| Provided records |

☆ ☆ ☆ ☆ ☆

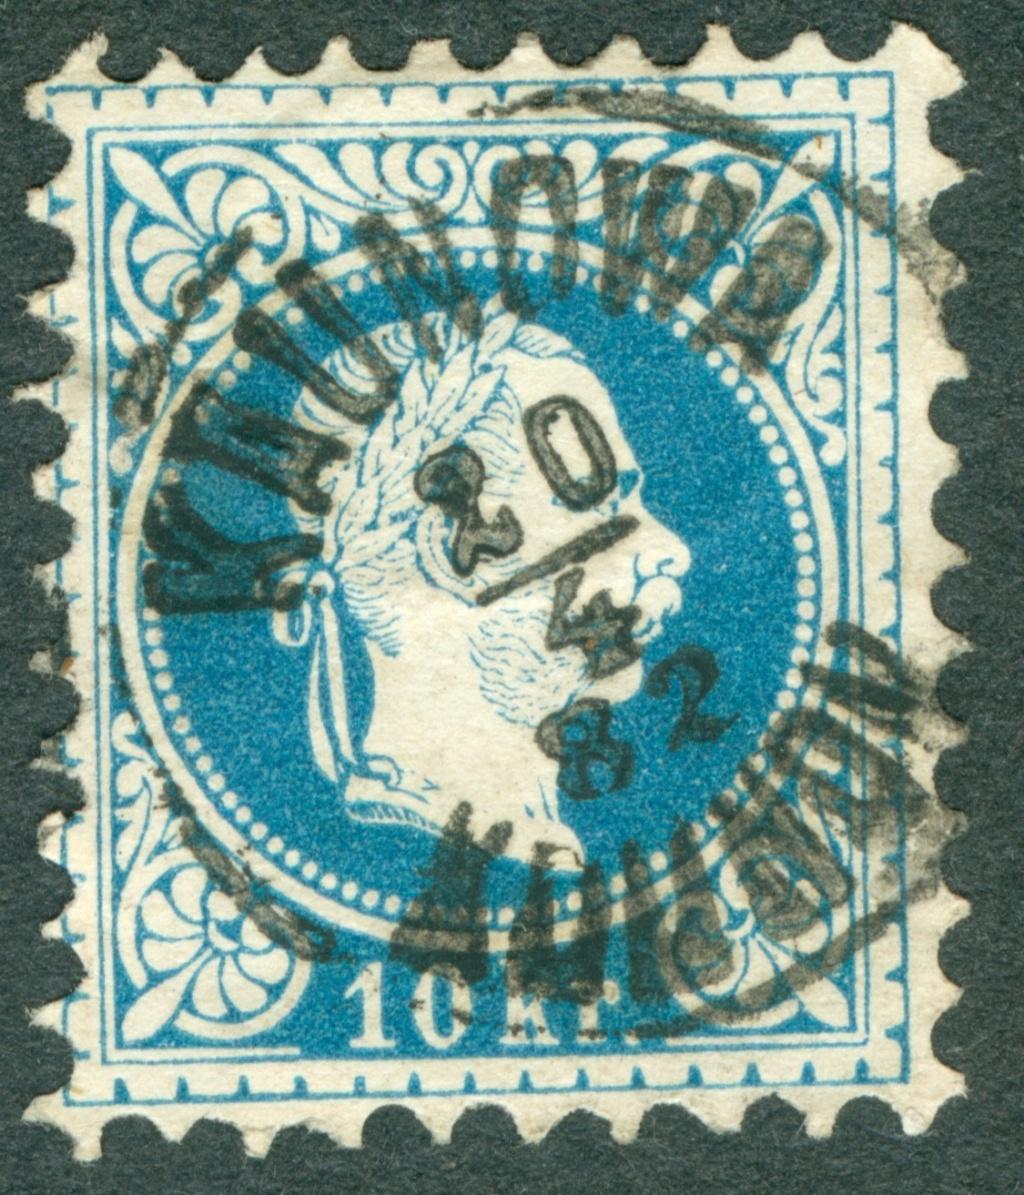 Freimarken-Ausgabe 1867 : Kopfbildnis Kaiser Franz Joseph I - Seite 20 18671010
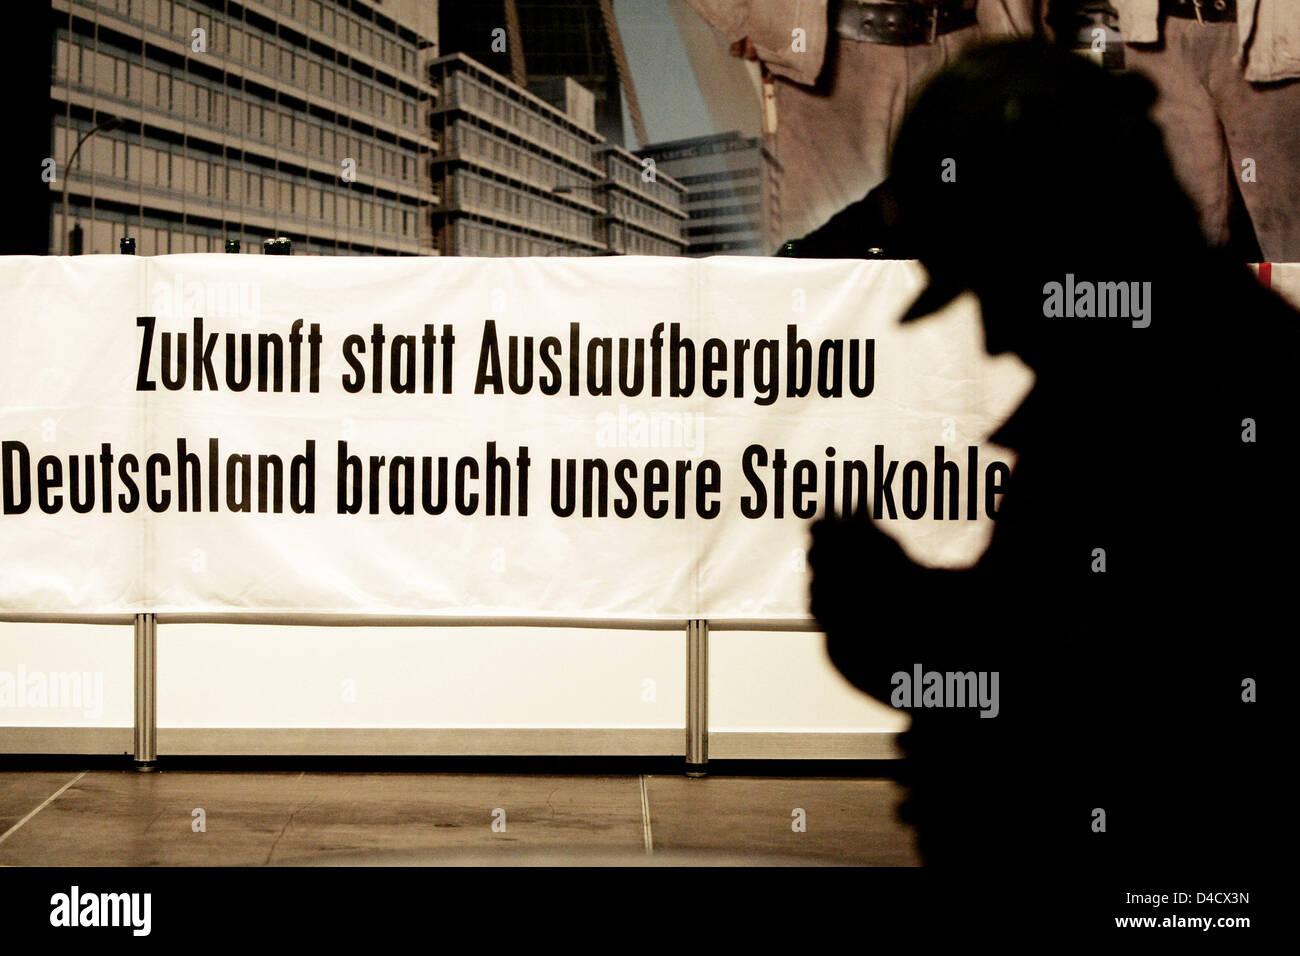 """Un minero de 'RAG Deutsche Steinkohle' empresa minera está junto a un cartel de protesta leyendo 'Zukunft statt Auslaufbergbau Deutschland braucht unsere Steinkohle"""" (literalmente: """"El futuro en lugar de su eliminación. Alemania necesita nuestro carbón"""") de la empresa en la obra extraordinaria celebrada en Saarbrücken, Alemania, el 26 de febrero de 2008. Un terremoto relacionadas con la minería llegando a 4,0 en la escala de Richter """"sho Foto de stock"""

☆ ☆ ☆ ☆ ☆

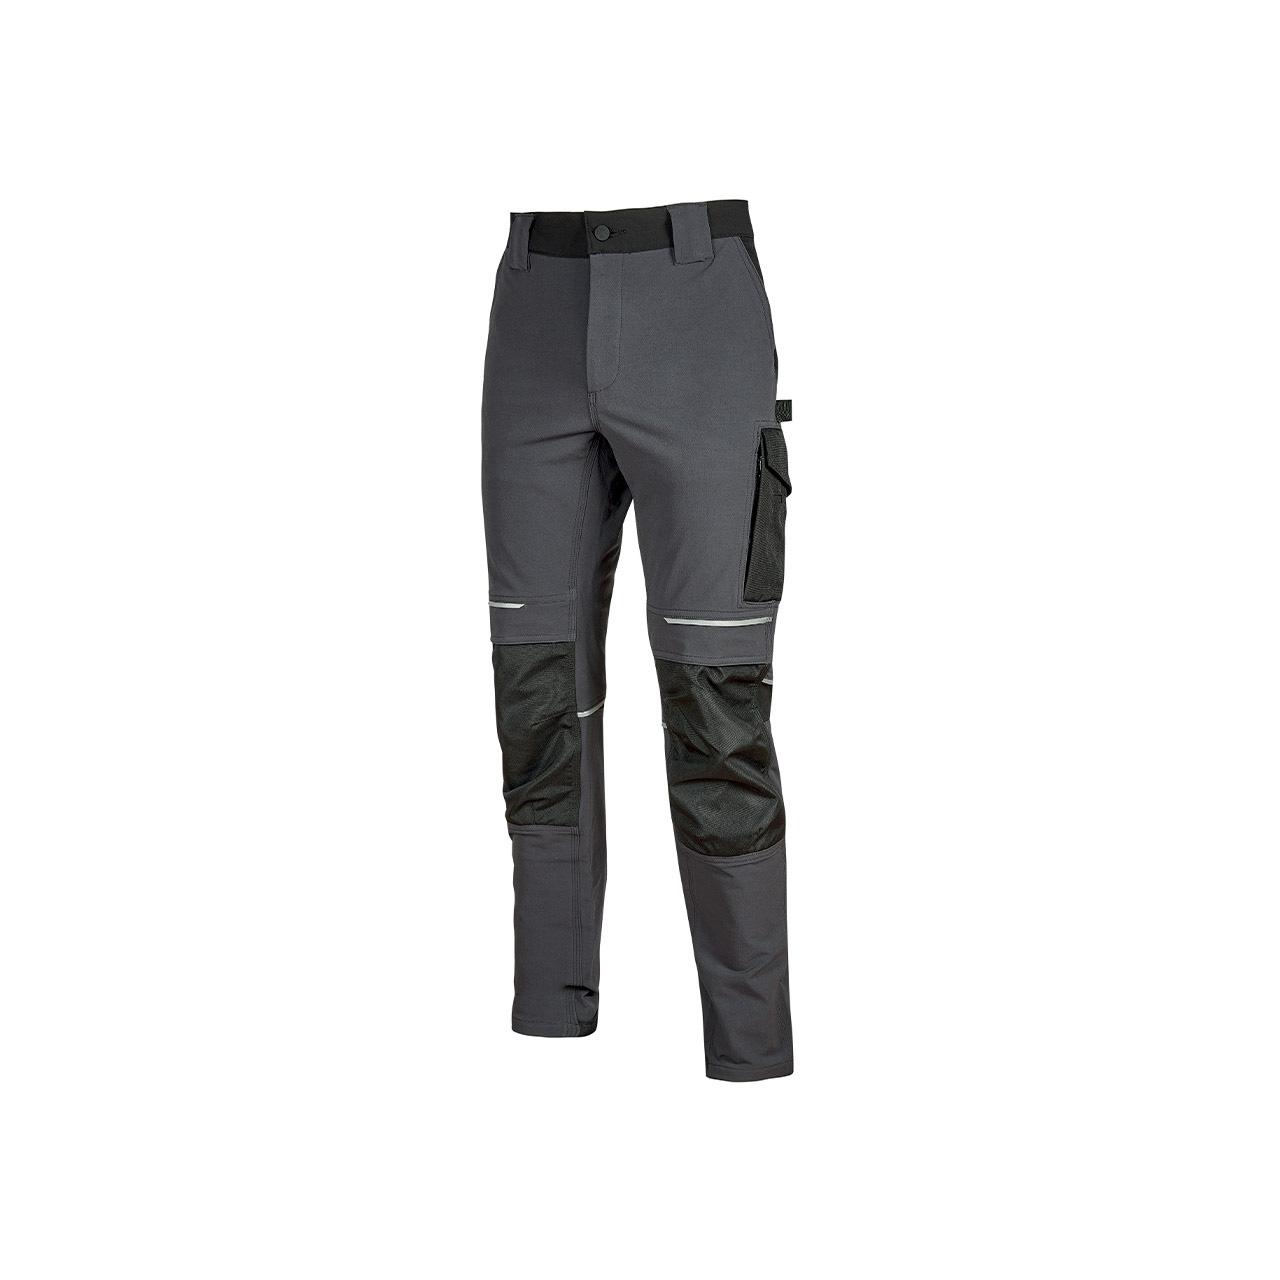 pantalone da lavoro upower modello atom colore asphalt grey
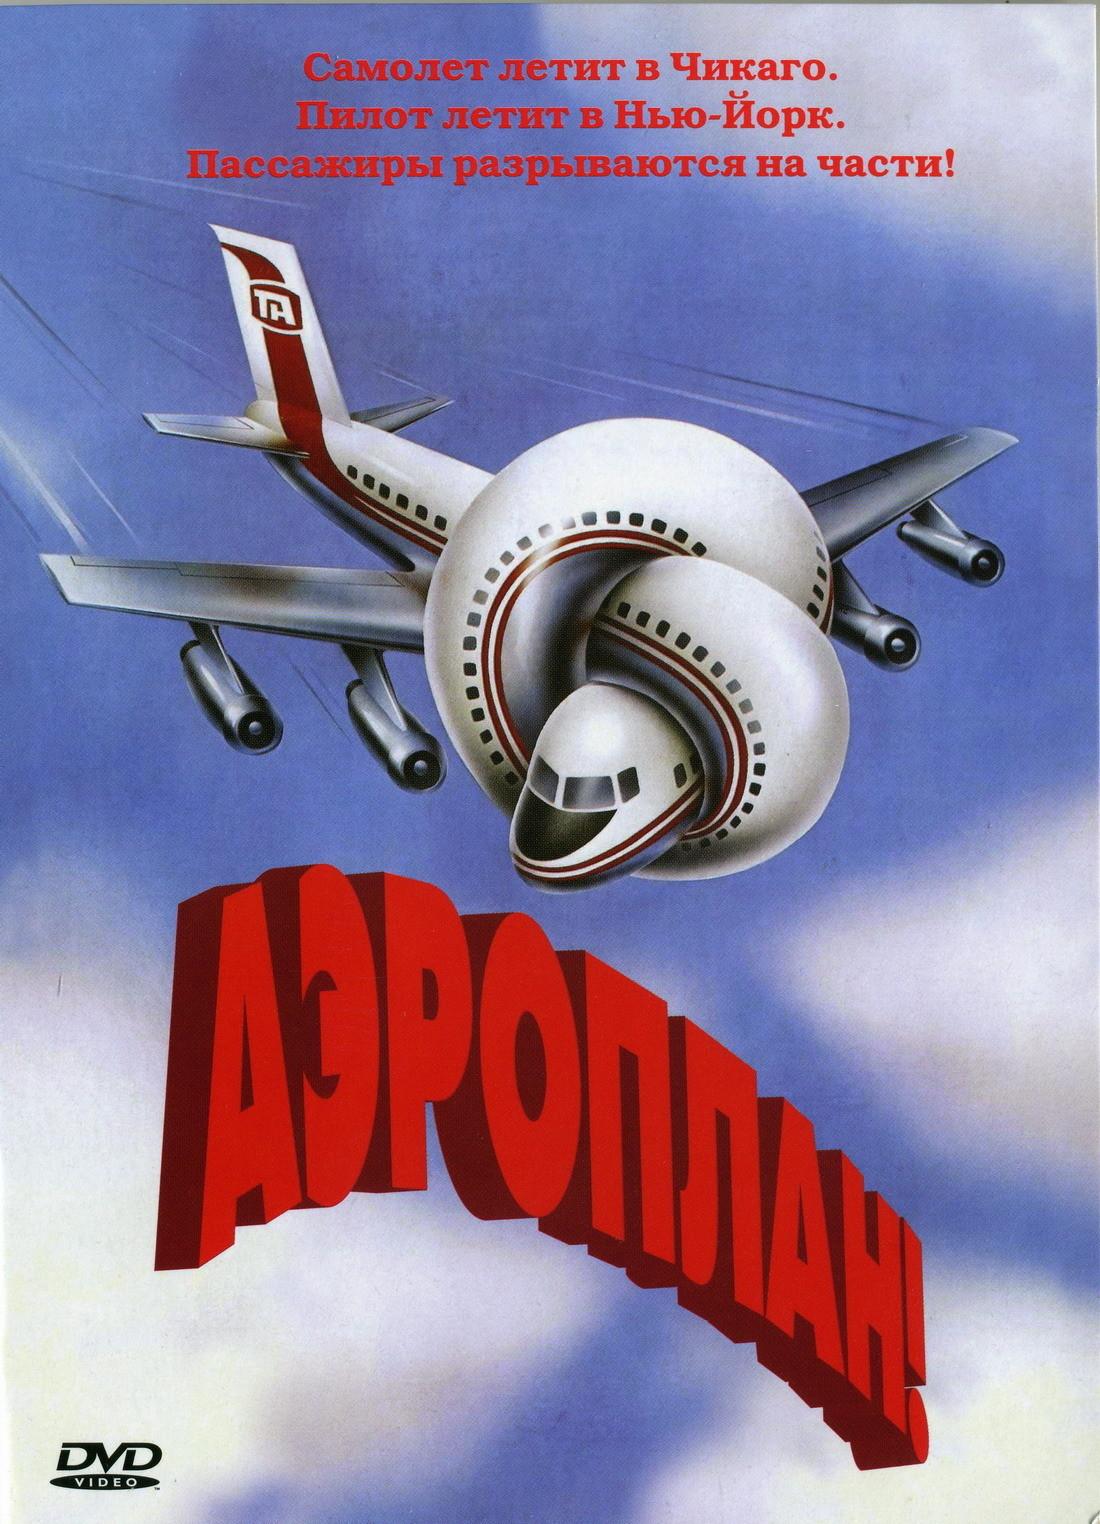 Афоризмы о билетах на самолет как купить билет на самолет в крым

☆ ☆ ☆ ☆ ☆

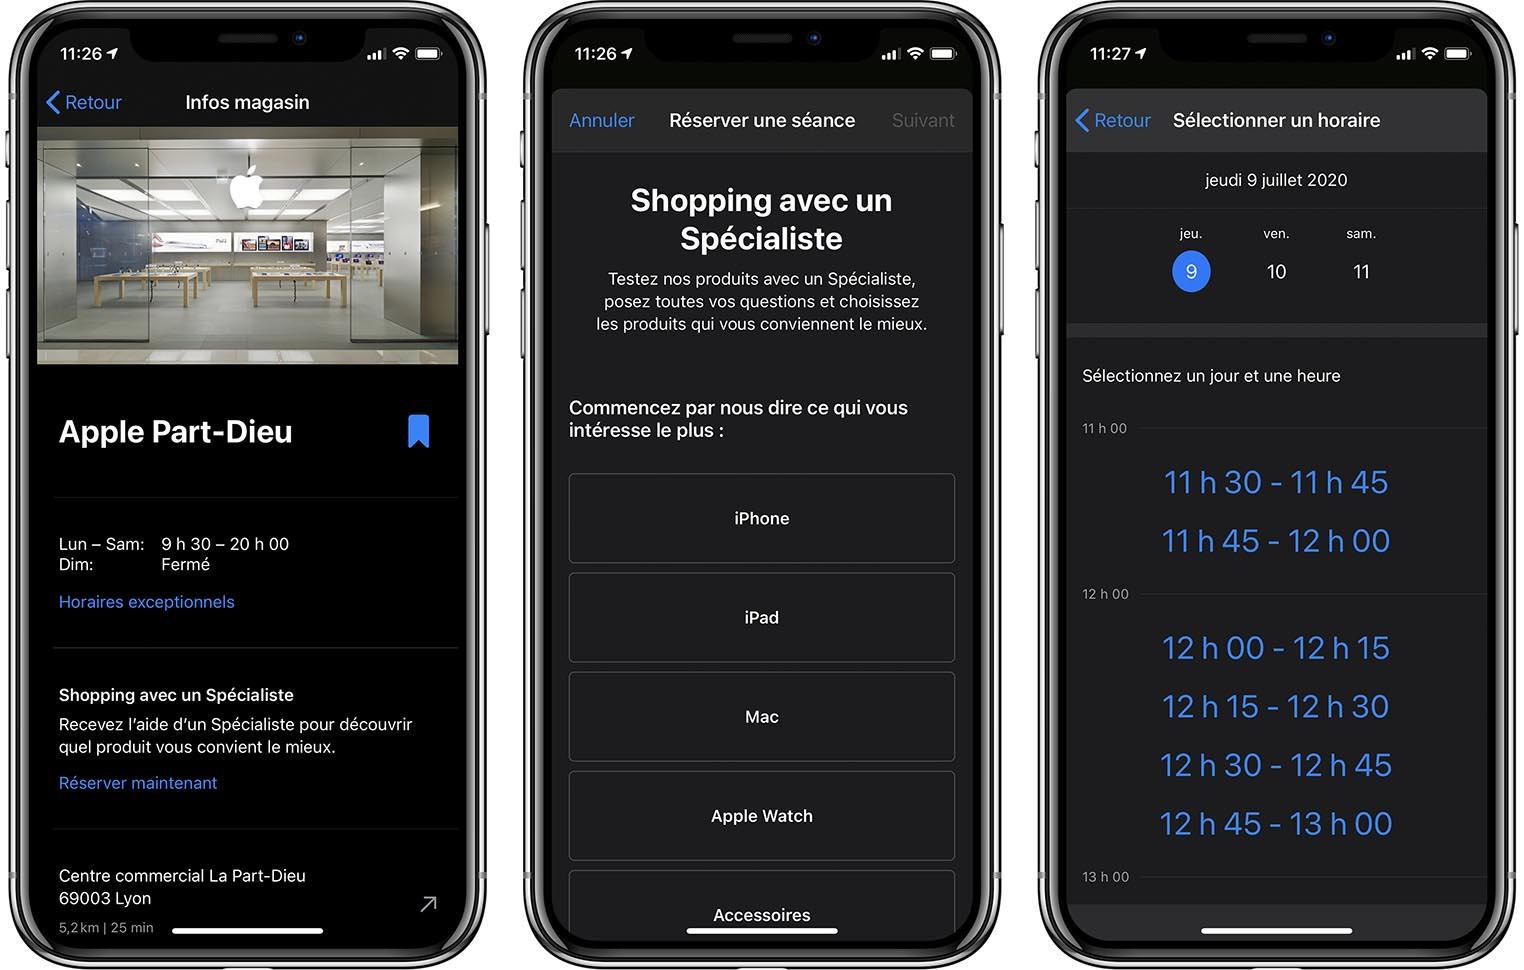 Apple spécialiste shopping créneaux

☆ ☆ ☆ ☆ ☆

| Work instruction |
Of the lines above, copy only those from the one holding "Freimarken-Ausgabe 1867 : Kopfbildnis" to the one holding "minero de 'RAG", both included, and exclude every image.

| Output of the exercise |
 Freimarken-Ausgabe 1867 : Kopfbildnis Kaiser Franz Joseph I - Seite 20 18671010
 """Un minero de 'RAG Deutsche Steinkohle' empresa minera está junto a un cartel de protesta leyendo 'Zukunft statt Auslaufbergbau Deutschland braucht unsere Steinkohle"""" (literalmente: """"El futuro en lugar de su eliminación. Alemania necesita nuestro carbón"""") de la empresa en la obra extraordinaria celebrada en Saarbrücken, Alemania, el 26 de febrero de 2008. Un terremoto relacionadas con la minería llegando a 4,0 en la escala de Richter """"sho Foto de stock"""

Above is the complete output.